Environment Variables
If your reward function calls an external API (e.g., an LLM judge), add the required API keys as environment variables. They will be available via os.environ at runtime.
Step 5 — Review
Review the full job configuration before launching.
| Field | Description |
|---|
| Base Model | The selected base policy model. |
| Dataset | The prompt dataset used for training. |
| Mode | Conversation mode (e.g., Single-turn). |
| MCP Servers | Number of configured MCP servers and tools. |
| Reward Type | The reward function type (e.g., Python Function). |
| Epochs | Number of training epochs. |
| Batch Size | Number of prompts per rollout batch. |
| Samples per Prompt | Number of rollouts per prompt. |
| Temperature | Sampling temperature. |
Check the acknowledgment box and click Confirm & Create to launch the job.
RL job details
Click any RL job in the fine-tuning list to open its detail page.
Configuration
Shows the full job configuration:
- Status, Training mode, Base model, Training dataset, Evaluation dataset
- Batch size, Learning rate, Queue position
- Created / Started / Completed timestamps
RL Configuration
Shows RL-specific settings used for the job:
- Samples/prompt, Temperature, Max response len, Reward function (Python code), Reward sources
Progress
Shows live training progress: completion percentage, current step out of total steps, and a summary of the latest Loss, Grad norm, and Learning rate values.
Evaluation Snapshot
Shows the latest rollout evaluation metrics at the most recent logged step.
| Metric | Description |
|---|
| Advantages | Mean advantage value across rollouts. |
| Eval Response Lengths | Average token length of evaluation responses. |
| Eval Reward | Average reward score on evaluation rollouts. |
Use the Step Range inputs to filter metrics to a specific step window.
Rollout Metrics
Real-time charts updated as training progresses. All charts plot values over rollout steps.
| Chart | Description |
|---|
| Reward | Mean reward score per rollout step. |
| Response Lengths | Average token length of agent responses per rollout step. |
| KL Divergence | KL divergence between the policy and reference model per rollout step. |
| Advantages | Mean advantage value per rollout step. |
Training Metrics
| Chart | Description |
|---|
| Loss | Training loss over steps. Includes EMA smoothing control. |
| Entropy Loss | Entropy of the policy output over steps. |
| Gradient Norm | Gradient norm over steps. |
| Learning Rate | Learning rate schedule over steps. |
The latest values are shown as a summary line (e.g., loss 4.11e-5 • grad 0.505 • lr 2.00e-6 @ step 101). Source data comes from training.log.
Rollout Explorer
Browse individual rollout steps. Each step shows the number of prompts, total samples, average reward, and completion status. Click any step to inspect individual rollout trajectories.
Model Checkpoints
Checkpoints are saved according to the Save Checkpoint Every setting (or once per epoch by default). Each checkpoint is labeled by the training step at which it was saved.
| Field | Description |
|---|
| Step N | Checkpoint label (e.g., Step 1, Step 3, …). |
| HuggingFace | Format of the saved weights. |
| Files / Size / Step | Number of files, total size, and the training step. |
Each checkpoint has two buttons:
- Details — View the full list of files in the checkpoint.

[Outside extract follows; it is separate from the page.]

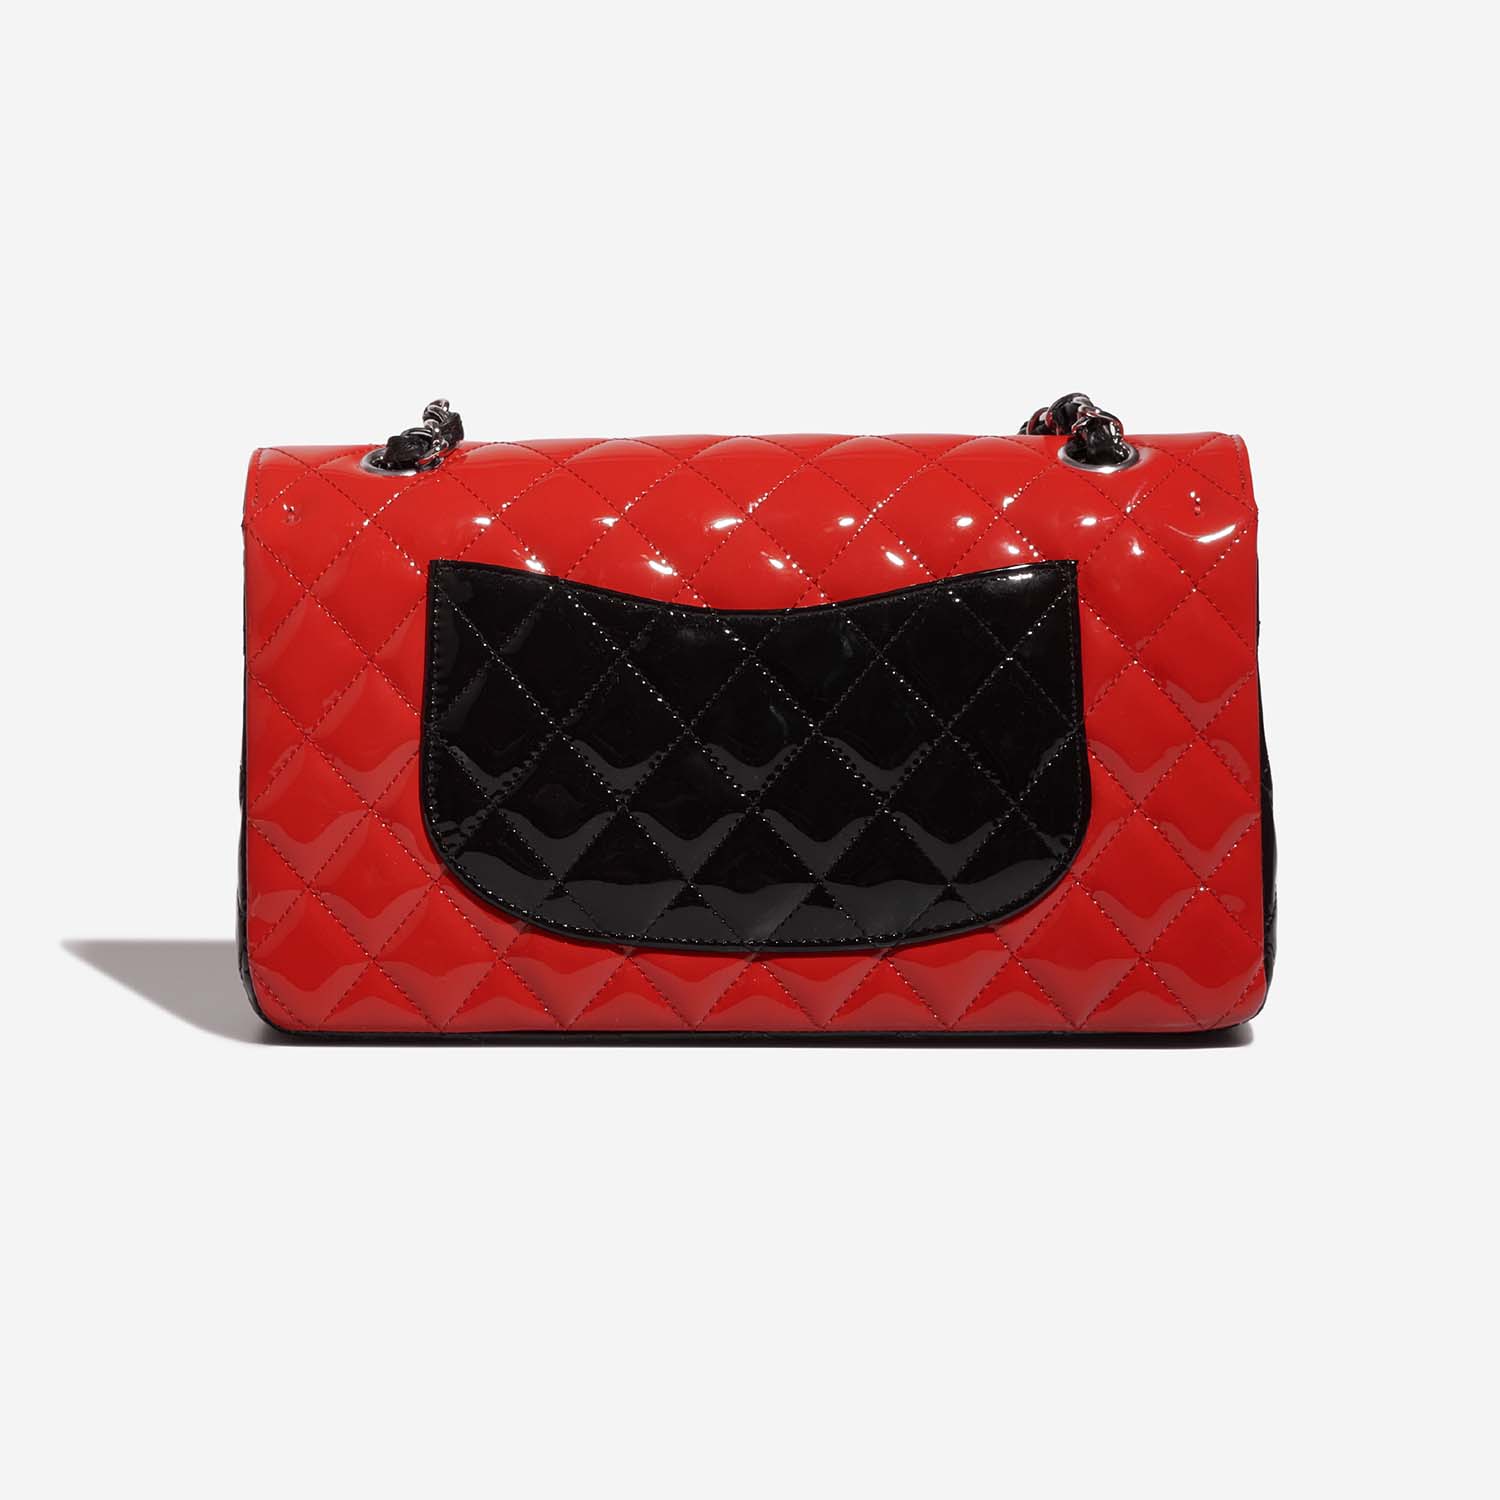 Chanel Timeless Medium Black-Red Back | Verkaufen Sie Ihre Designer-Tasche auf Saclab.com
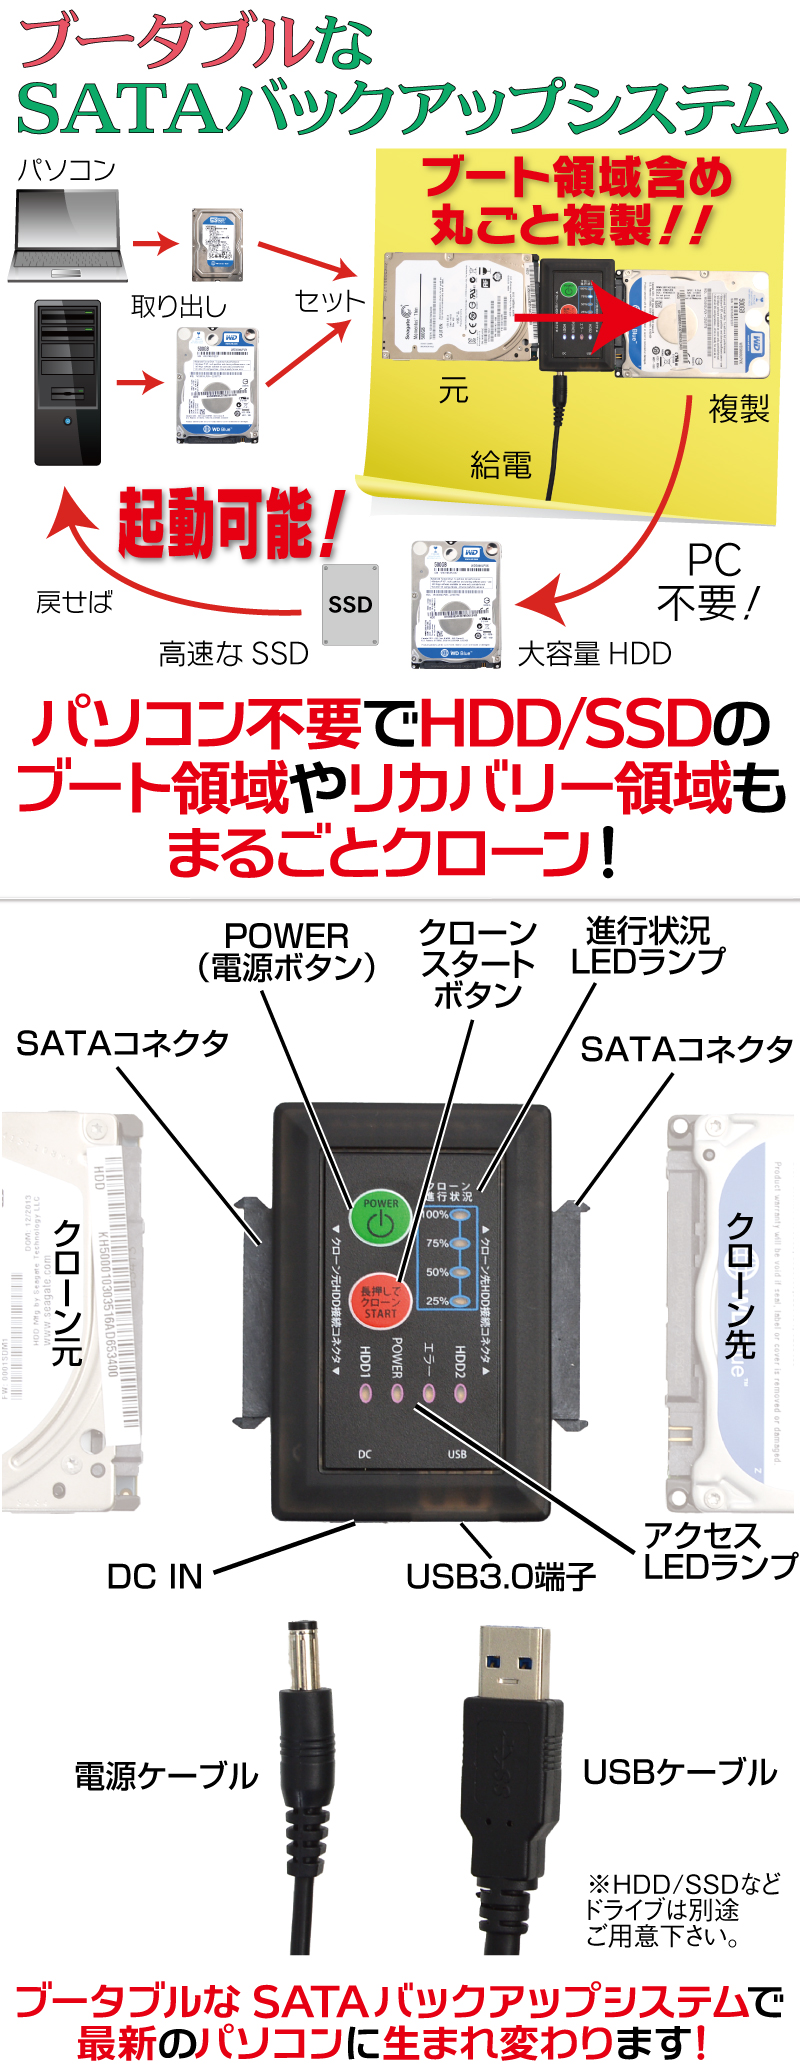 ブータブルなSATAバックアップシステム パソコン不要,HDD/SSD,ブート領域,リカバリー領域,まるごとクローン,2台のHDD/SSD,外付けUSB3.0ドライブ,接続

- Deploy — Create an inference deployment directly from this checkpoint. See Deployments for details.
Additional files
| File | Description |
|---|
checkpoint_status.json | Metadata about checkpoint state. |
training.log | Full training log file. |
raw_output.log | Raw process output log. |
rollouts.jsonl | All rollout trajectories in JSONL format. |
global_dataset_state_dict_*.pt | Dataset state snapshots for resuming training. |
Click Download next to any file to save it locally.
Logs
The Logs section displays the last 200 lines of real-time training output. Click Refresh to fetch the latest lines.